Aim of the exercise >> Write the lines below out exactly, dropping each picture.

Recorded information >>
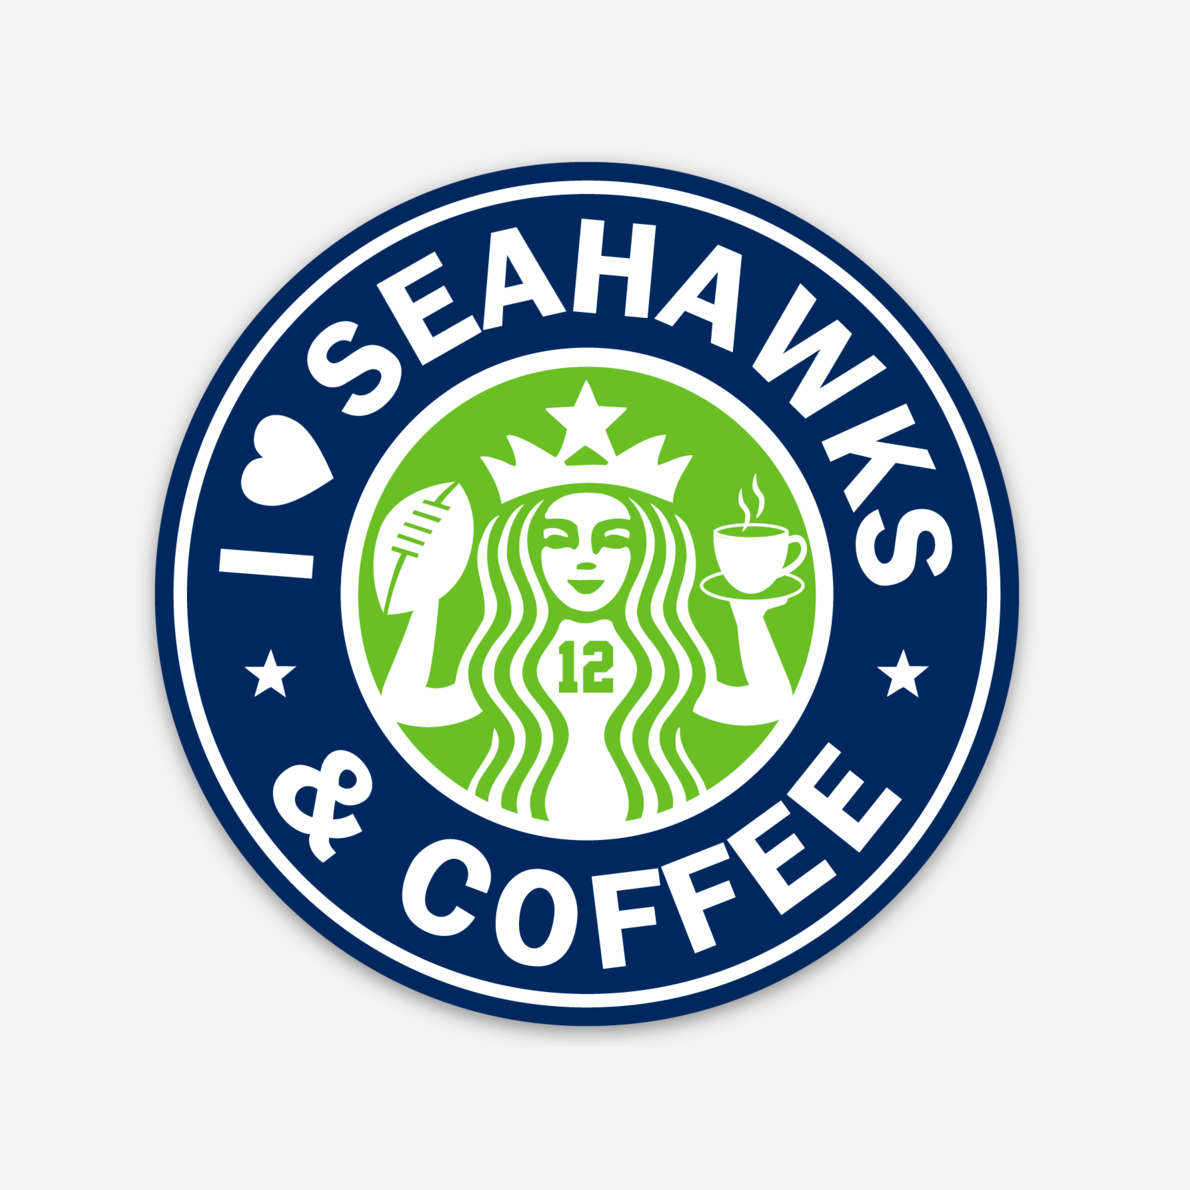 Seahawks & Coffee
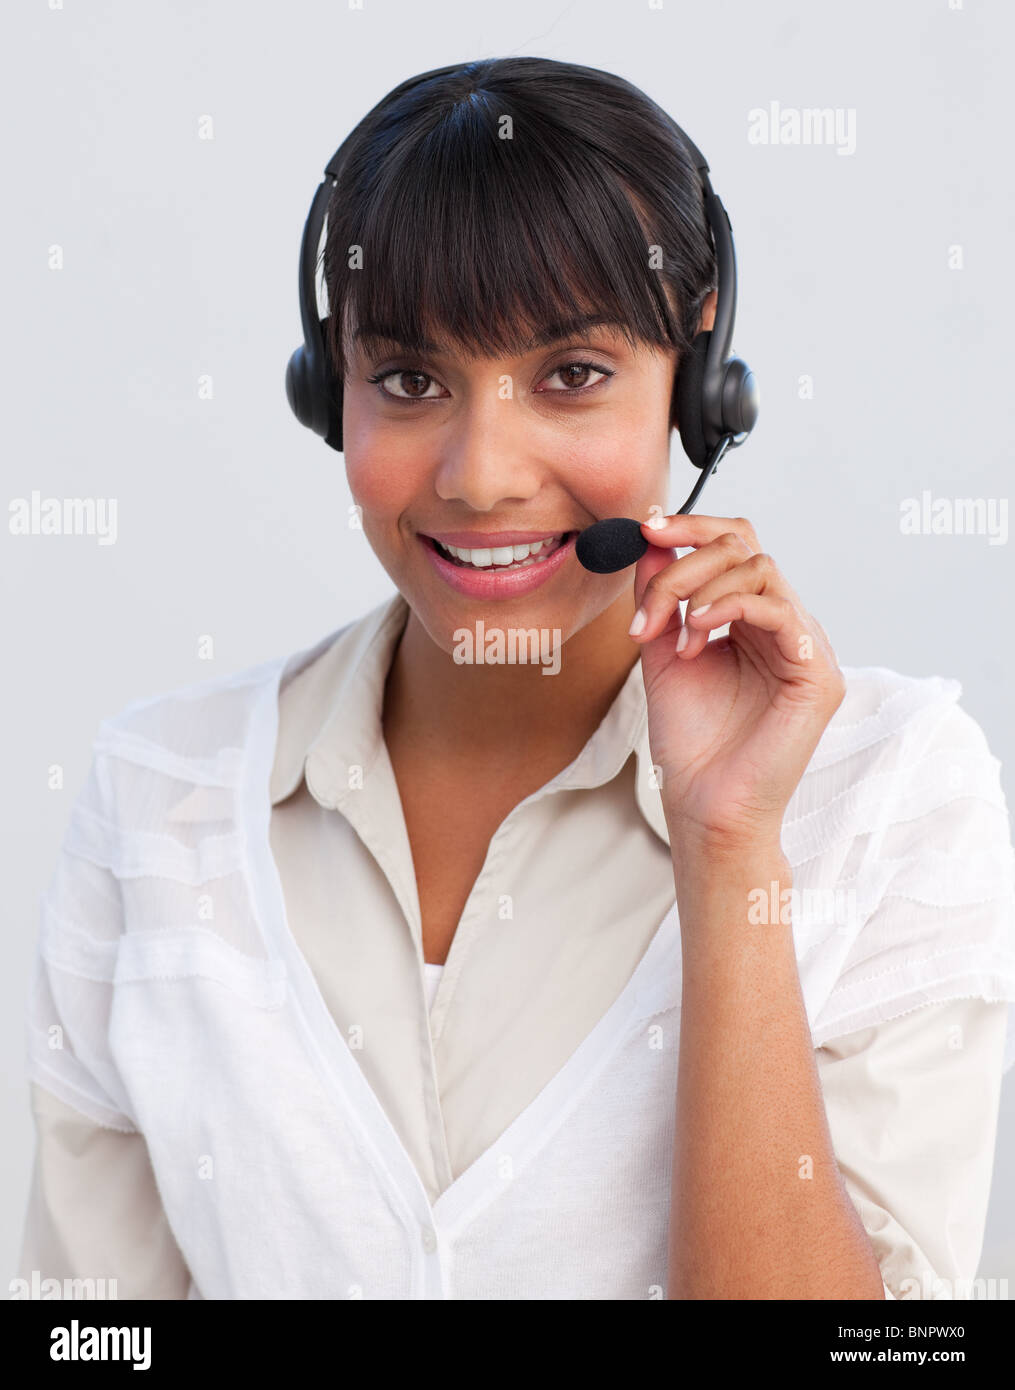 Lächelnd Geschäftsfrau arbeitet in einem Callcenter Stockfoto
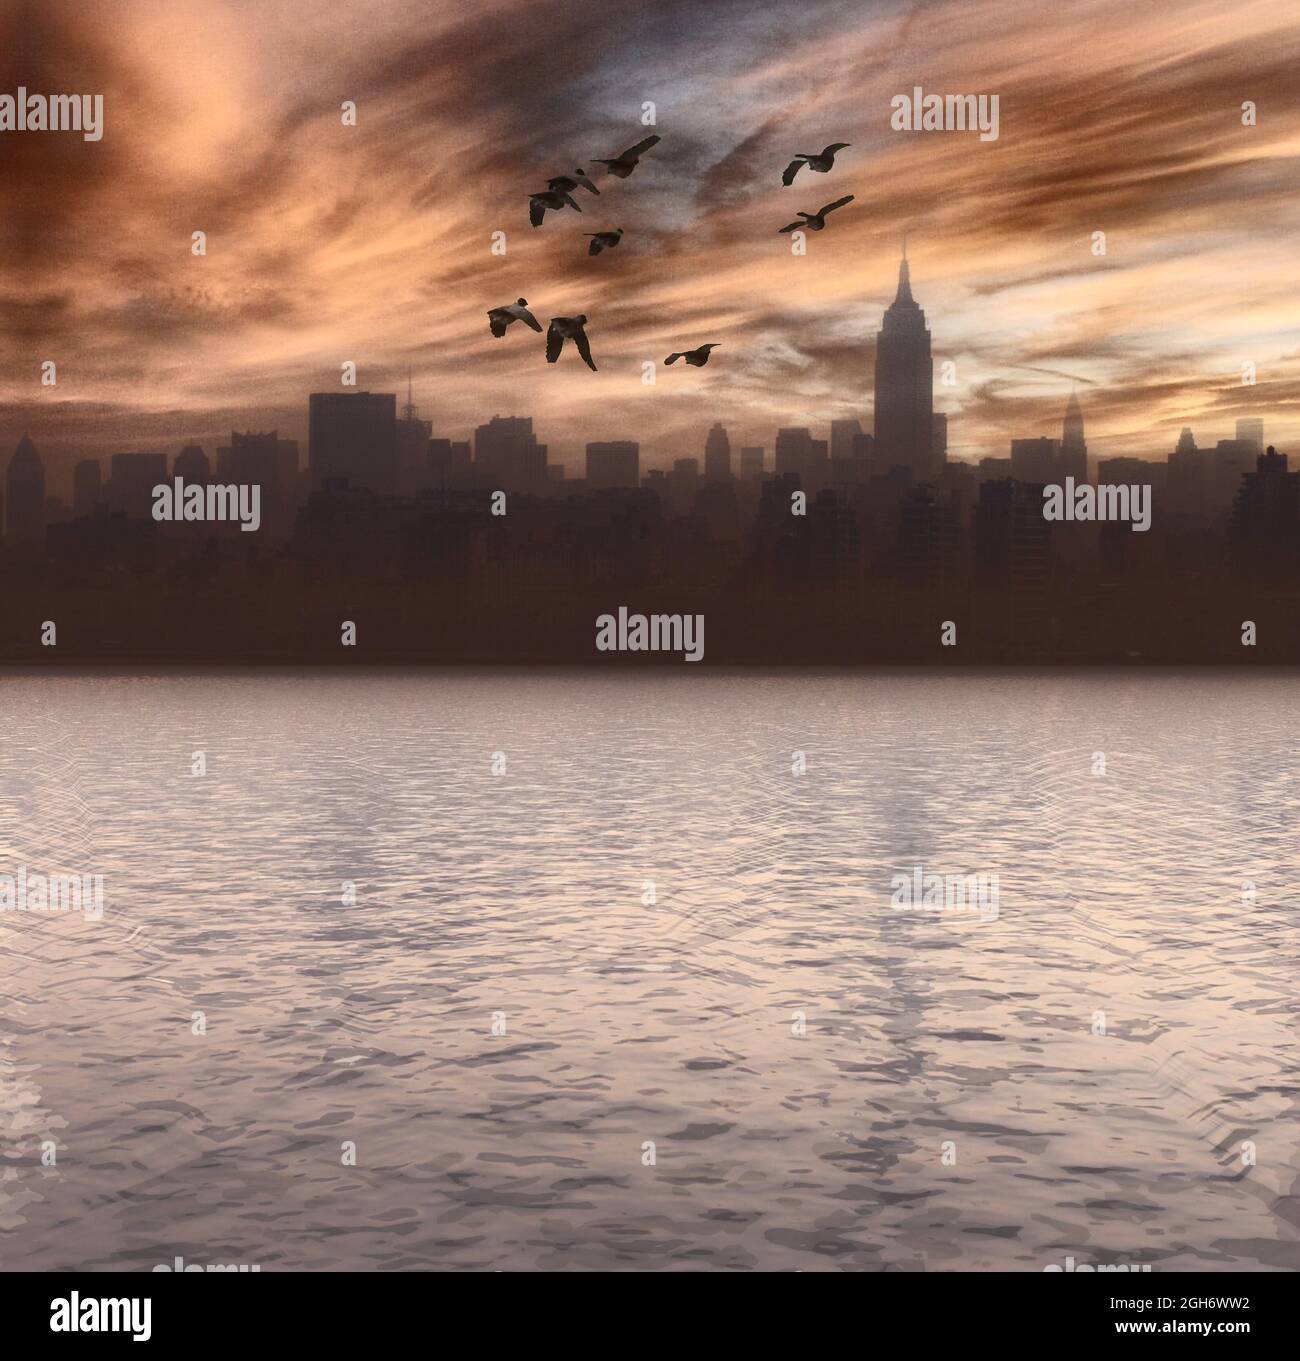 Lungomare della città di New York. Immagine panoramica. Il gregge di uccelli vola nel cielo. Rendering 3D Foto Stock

Output for this task >>
 Seahawks & Coffee
 Lächelnd Geschäftsfrau arbeitet in einem Callcenter Stockfoto
 Lungomare della città di New York. Immagine panoramica. Il gregge di uccelli vola nel cielo. Rendering 3D Foto Stock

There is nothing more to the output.